Mais ce n'est évidemment pas de cela dont je veux parler, de cela qui se déroule selon un rituel immuable, qui ne fait pas de vagues, qui reste à l'abri des bruits du monde et de la vie des gens. Non, il arrive qu'il se passe vraiment quelque chose sous la coupole du quai de Conti, et là, c'est vraiment dommage que personne ne le sache, ni n'en parle, parce que pour le coup, ça concerne vraiment les bruits du monde et la vie des gens. Et quelque chose de cet ordre-là s'est passé le 29 mars, le jour où Danièle Sallenave a été reçue à l'Académie Française et où Dominique Fernandez a prononcé le discours de réception.
Parce que ce n'était pas la première fois que Danièle Sallenave était candidate à un fauteuil. La première fois, ça s'était mal passé, et ça avait été douloureux et difficile. La discrétion académique s'exerce le plus souvent quand les choses sortent des clous, font des vagues, déchaînent les passions. La coupole du quai de Conti ne doit pas être le théâtre de tels événements, chargés de violences et d'émotions et de partis pris. Mais le 29 mars, Dominique Fernandez a décidé qu'il fallait lever un peu le rideau sur ces événements-là et il a pris le risque.

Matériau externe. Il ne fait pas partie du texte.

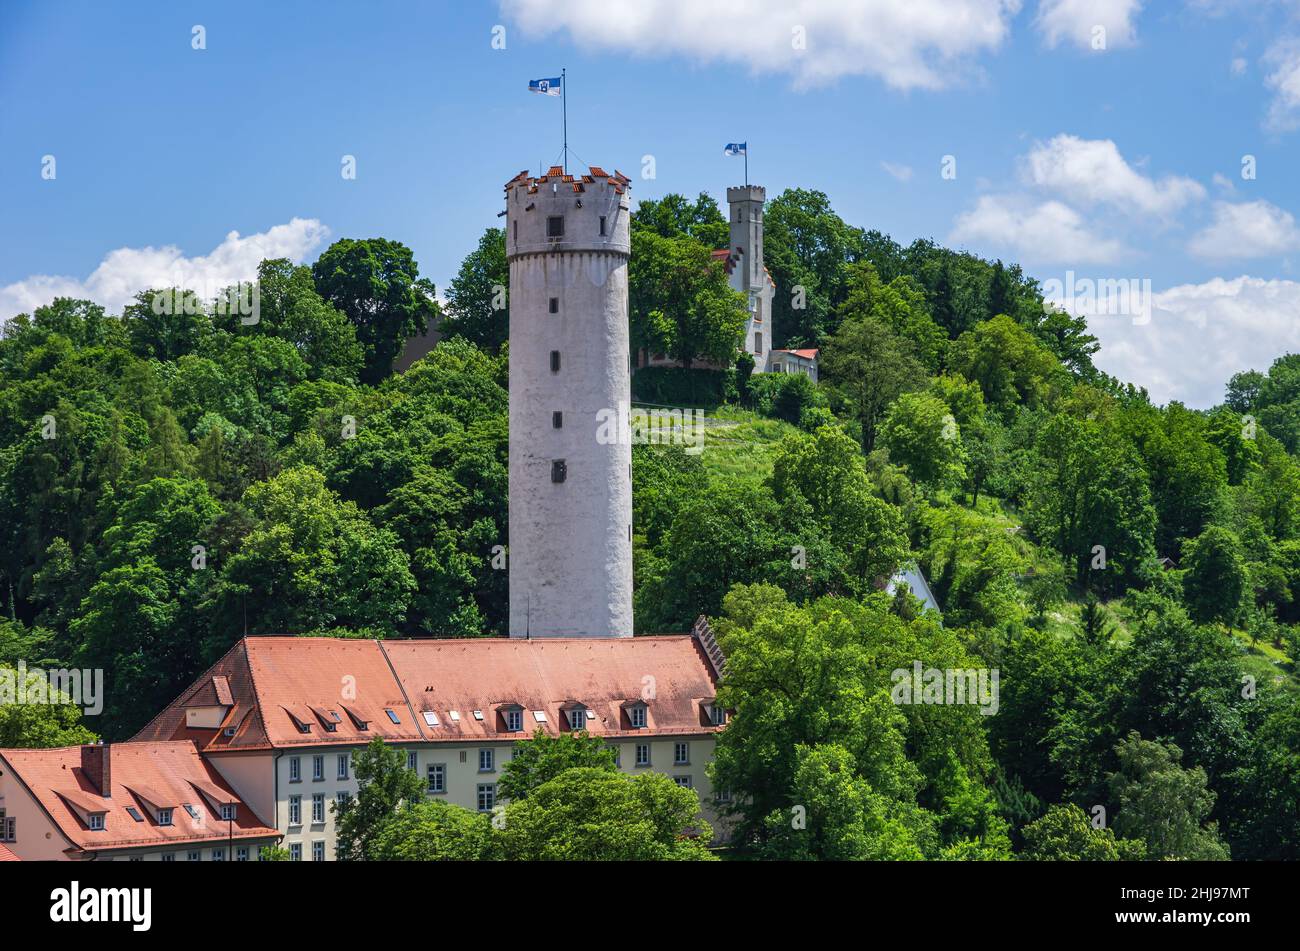 Ravensburg, Bade-Wurtemberg, Allemagne : vue depuis la tour Blaser sur les toits de la ville jusqu'à la tour Mehlsack et le château de Vitus. Banque D'Images
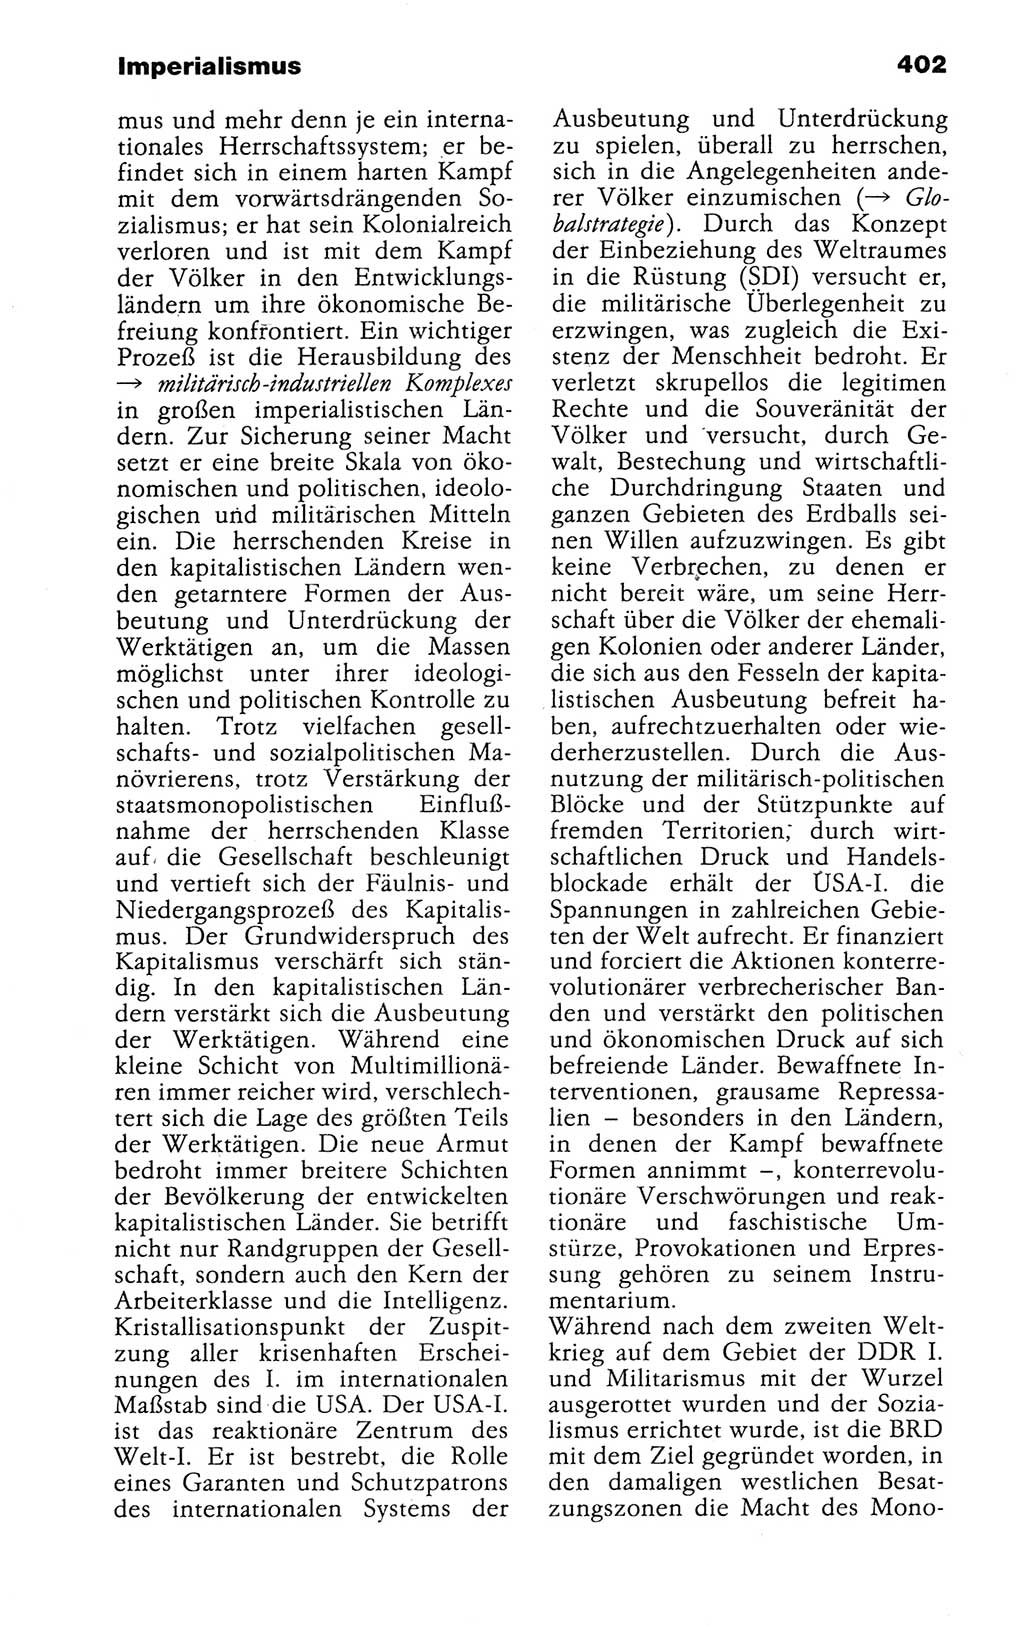 Kleines politisches Wörterbuch [Deutsche Demokratische Republik (DDR)] 1988, Seite 402 (Kl. pol. Wb. DDR 1988, S. 402)

Il a décidé de consacrer un morceau assez conséquent de son discours à rappeler dans quelles circonstances on avait dit à Mme Sallenave qu'on ne voulait pas d'elle sous la coupole du quai de Conti. Il a décidé de parler d'un livre maudit qui lui avait valu des lettres d'insultes, des courriers anonymes, des pertes de contrats mais surtout des ruptures d'amitiés vieilles de 30 ans.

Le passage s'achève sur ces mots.